В тот вечер она придумала себе юную пару. Наконец-то родители уехали на дачу, и она впервые согласилась прийти к нему, вместе посмотреть фильм. Он мечется по квартире, надевает чистую футболку, потом меняет ее на рубашку, поднимает воротник, смотрится в зеркало, приглаживает, а потом, наоборот, взъерошивает волосы, смотрит, что есть в холодильнике, ставит на стол купленные для нее цветы, рядом — бутылку вина, потом прячет и то и другое: цветы надо подарить, а вино… не слишком ли вульгарно? Все-таки они еще школьники. Решает, что он предложит; если она согласится — достанет. Жалеет, что не купил свечей, — он что-то такое видел по телевизору. Застилает свою кровать чистым бельем. Сверху — клетчатый плед. Дрожат руки. Что ты себе придумал, идиот?!! Бросает взгляд на часы. Она опаздывает! Может быть, вообще не придет? Просто посмеялась?! Или ее не пустили родители? Или она шла, упала и сломала ногу, а ее телефон разбился? Ее везут в больницу?! Он уже готов куда-то бежать, но тут — звонок в дверь, он хватает букет, роняя тапки, бежит к двери, открывает ее. На пороге она, глаза обоих сияют, и не надо слов…
Она как будто побывала там, в этой неприметной хрущевке, где в тот вечер вершилась первая любовь. Слезы сами собой текли по ее щекам, но впервые за много месяцев (если не лет) это были слезы не горя, но — радости. Она от души радовалась за них, за этих выдуманных ею мальчика и девочку. И радовалась за себя и Свету, потому что чувствовала: нашла источник, из которого теперь можно черпать, когда понадобится.
И она черпала. Придумывала себе бедного человека, неожиданно выигравшего в лотерею (он сначала никак не может в это поверить, а потом начинает придумывать, что себе купит), и богатую старушку, счастливо отыскавшую пропавших родственников (она так боялась умереть в одиночестве, а теперь ей это не грозит). Детдомовскую сироту, за которой приехала обманом потерявшая ее мать. Трехногую собаку, внезапно обретшую любящего хозяина. Художника, закончившего свою главную картину и понявшего это. Бизнесмена, заключившего невероятно выгодную сделку. Певца, который своей песней заставил плакать многотысячный зал…
Она радуется за них и сопереживает им. Они для нее как живые, как очень большая семья, свои, дальние родственники. Ее миг уныния или упадка сил побеждается их радостями и удачами.
Любовь Николаевна — экстраверт и уже рассказала про всё это своим подружкам и коллегам в универсаме, а также Свете и Светиным подружкам (это у них называется «Радость», и теперь они иногда придумывают персонажей для «Радости» все вместе). Она с удовольствием рассказывает обо всем этом мне — «вдруг вы напишете, и еще кому-то, кто сейчас сидит и страдает, пригодится».
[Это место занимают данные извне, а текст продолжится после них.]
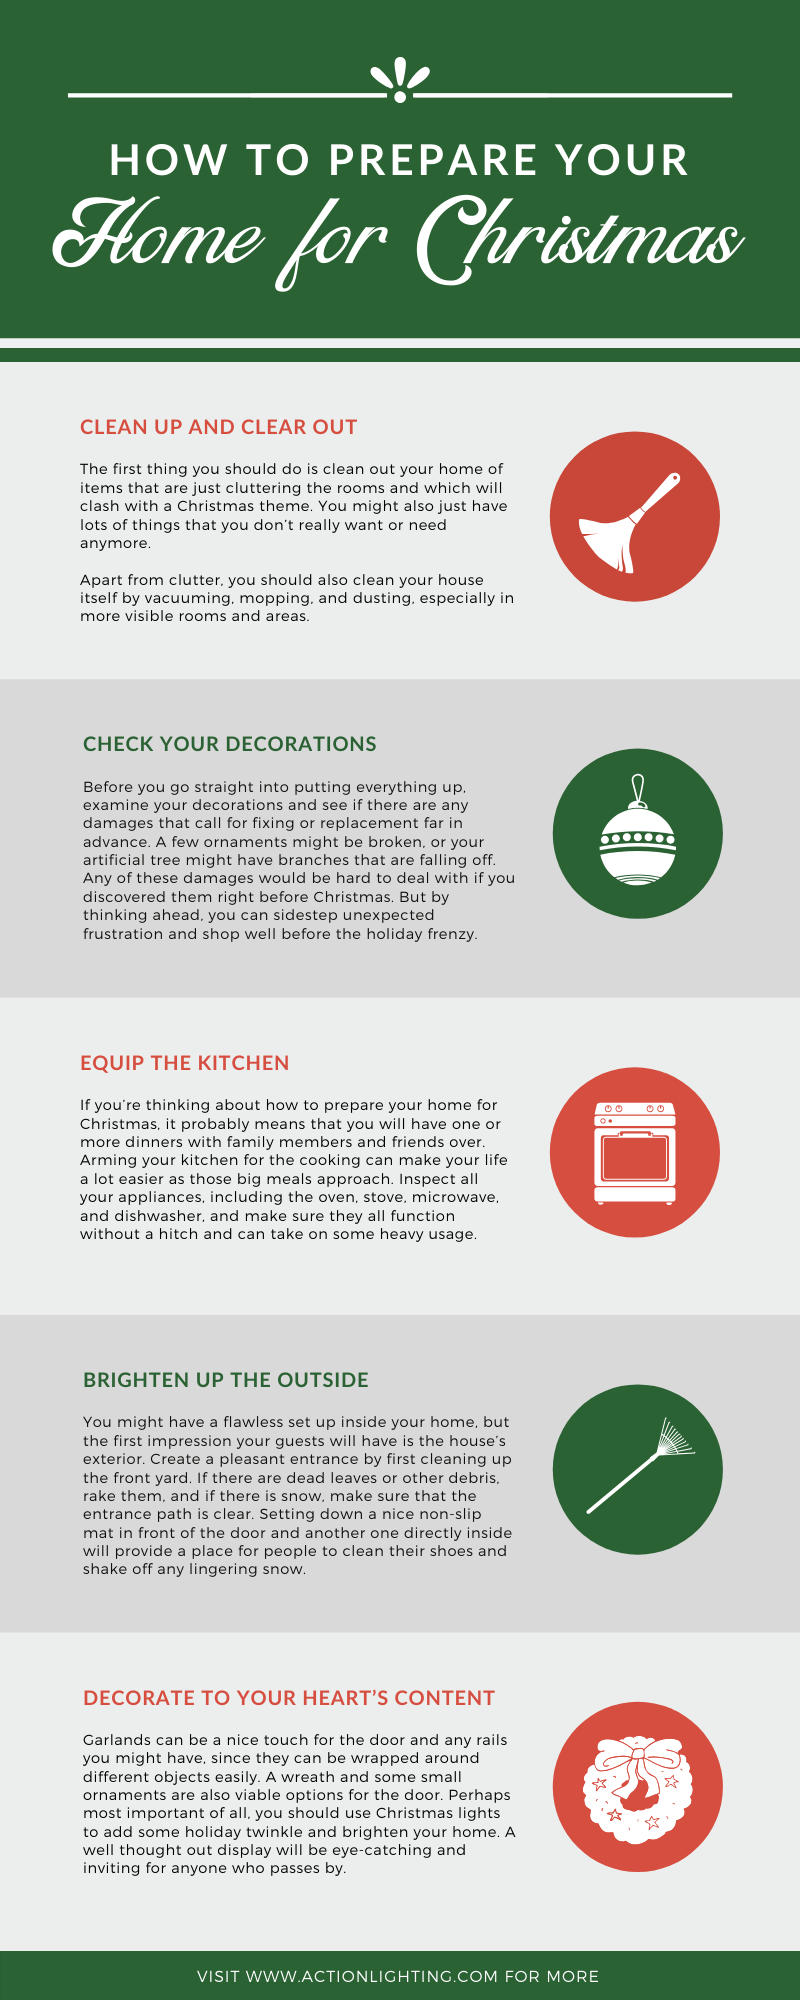 How to Prepare Your Home for Christmas infographic

И вот я рассказываю вам, уважаемые читатели…
Образование принято ругать. Причем, насколько я понимаю, принято не только в нашей стране. Дескать, есть отдельные хорошие школы (немного) и отдельные прекрасные педагоги, работающие исключительно своей выдающейся личностью, но в целом, конечно, — ужас-ужас и с каждым днем всё хуже и хуже…
Основные претензии к массовому образованию:
Недостаточно быстро отвечает на вызовы времени.
Недостаточно учитывает особенности личности ребенка.
Учит многому, что в дальнейшей жизни почти никому не нужно (с точки зрения данного конкретного родителя), и не учит безусловно нужному (с той же точки зрения).
Мое собственное мнение: массовое начальное и среднее образование и должно быть в значительной степени консервативным, так как оно, как ни крути, все же процесс длительный (10–12 лет в разных странах). Если оно будет немедленно откликаться на все текущие общественные веяния — наступит хаос.
Сама массовость образования подразумевает некоторую его унифицированность. Более того: по моим наблюдениям, многим современным детям, допустим, возраста начальной школы, существенно более актуально учиться считаться с другими, окружающими его личностями, чем проявлять свою собственную.